Why are there benzos with a longer clinical duration but not longer half life, wouldn't the concentrations be rather low as it is just circulating in the blood? I think clonazepam qualifies... phenazepam also lasts very very long in my experience. Do they somehow require lower concentrations to still have a pronounced effect while diazepam cannot?'
Because it is so lipophilic and is absorbed quickly and binds tightly to plasma proteins, diazepam will quickly redistribute to fatty tissues after the 'duration of action'. From a practical point of view, we'll consider the 'duration of action' here as the 'duration of action of a single dose'.
So it will do nothing to very little the next day, unless you take a large dose or happen to have zero tolerance.
Once the diazepam has accumulated, the diazepam will gradually be released fromt he (fat) cells into the bloodstream, and that will do *something*. Also, the only really active metabolite desmethyldiazepam will start to build up and exert an effect. It's a complicated drug.
Re: Ashton and her statement that diazepam is 'long acting', her talk about half lives and her complete dismissal of the concept 'duration of action' is something that annoys me. It may work for some drugs , individuals and mild dependencies.
Her statement that blood levels are in equilibrium with with tissue is too simple. If you take a dose of diazepam it will peak in the brain and do a lot more than just maintain an 'equilibrium'. Also, that a drug is present in the blood does not necessarily mean it will rapidly cross the blood brain barrier. That's complicated, I don't know much about it.

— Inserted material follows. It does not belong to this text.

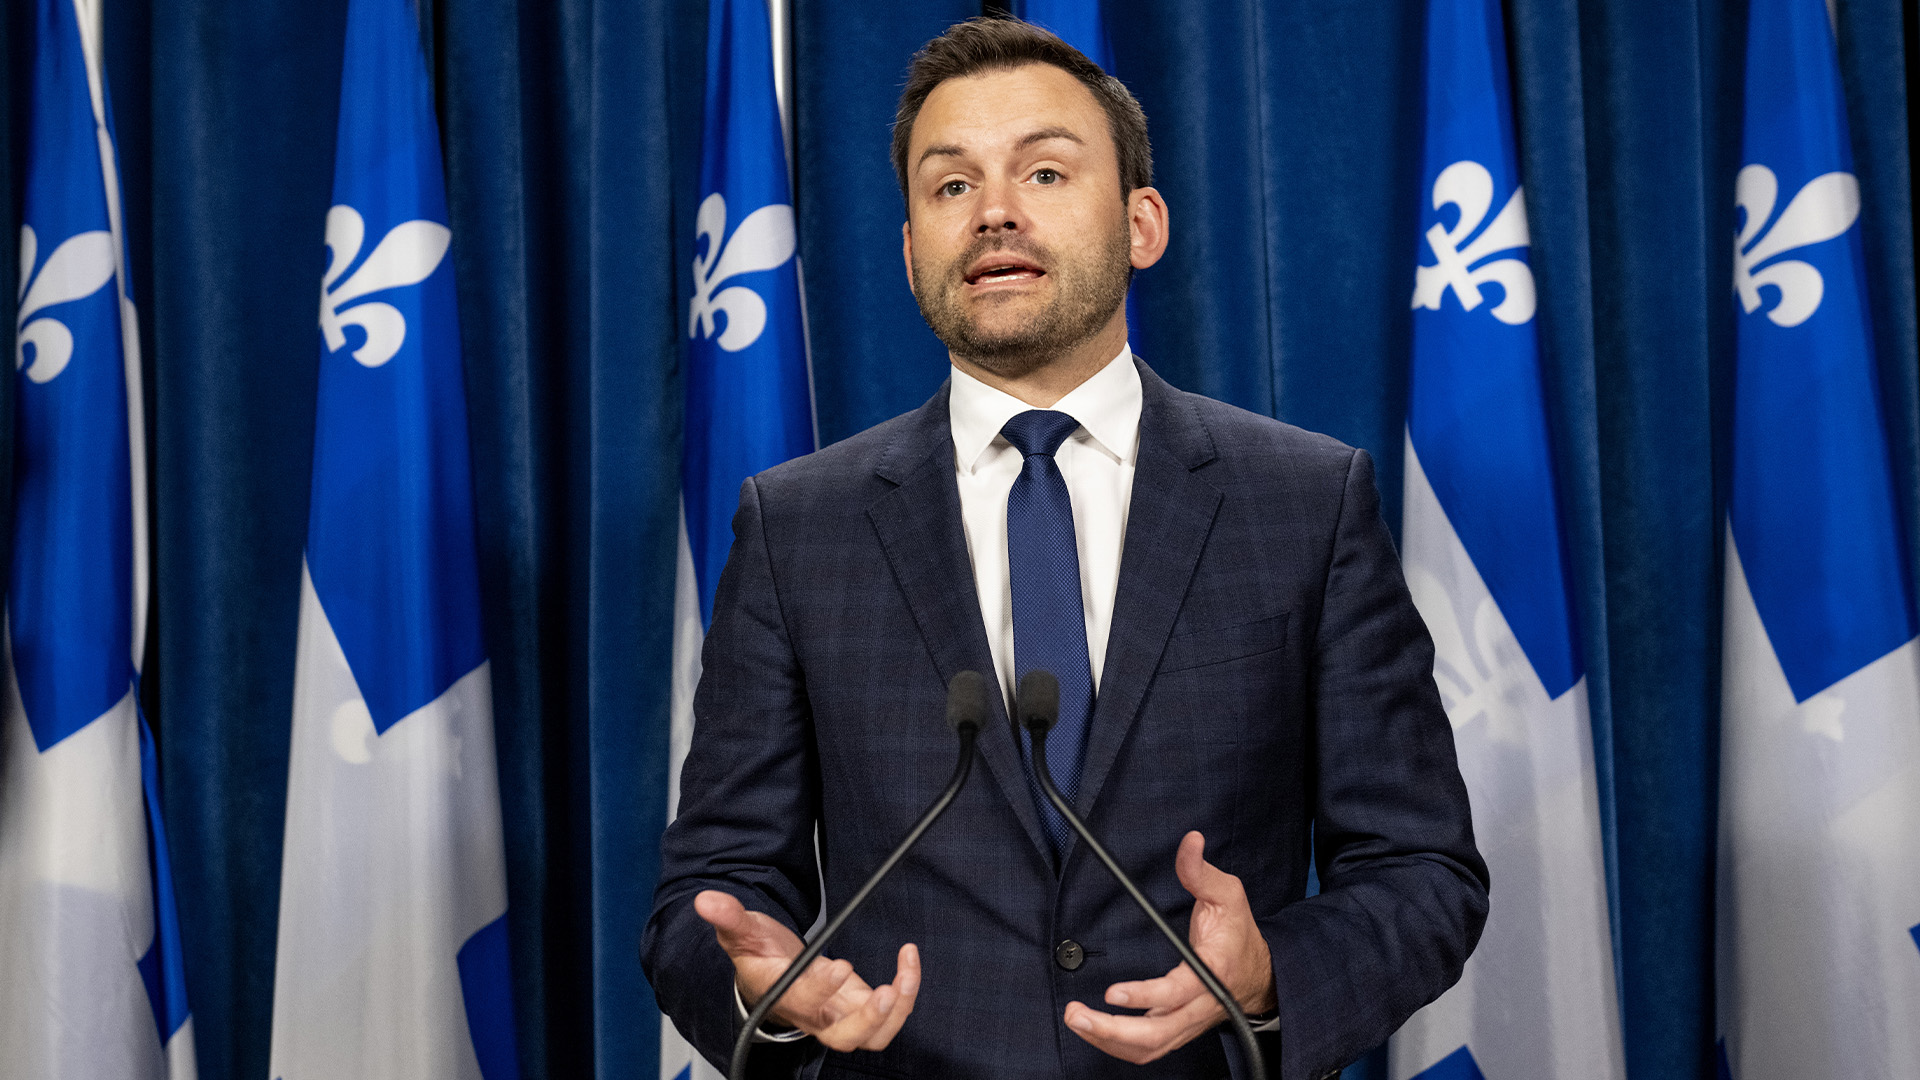 Le chef du Parti québécois Paul St-Pierre Plamondon prend la parole lors d'une conférence de presse, le lundi 17 octobre 2022 à l'Assemblée législative de Québec.

I'm not sure about diazepam's effective 'half life' after accumulation. Isn't the diazepam going to move from cell to cell ... ?
Re: lorazepam: in my experience, it will do *something* after the duration of action, it is just much weaker.
And '
Why are there benzos with a longer clinical duration but not longer half life, wouldn't the concentrations be rather low as it is just circulating in the blood? I think clonazepam qualifies... phenazepam also lasts very very long in my experience. Do they somehow require lower concentrations to still have a pronounced effect while diazepam cannot?''
Clonazepam is possibly the least lipophilic benzo. It enters the brain less rapidly, and the 'duration of action' (12 hours, 15 hours, 24 hours?) is therefore longer. Clonazepam does have a long half life, 1-2 days although this varies.
Especially after long term use, benzodiazepines do a lot more than affect GABA. This source:
https://www.hindawi.com/journals/aps/2012/416864/ is not even complete !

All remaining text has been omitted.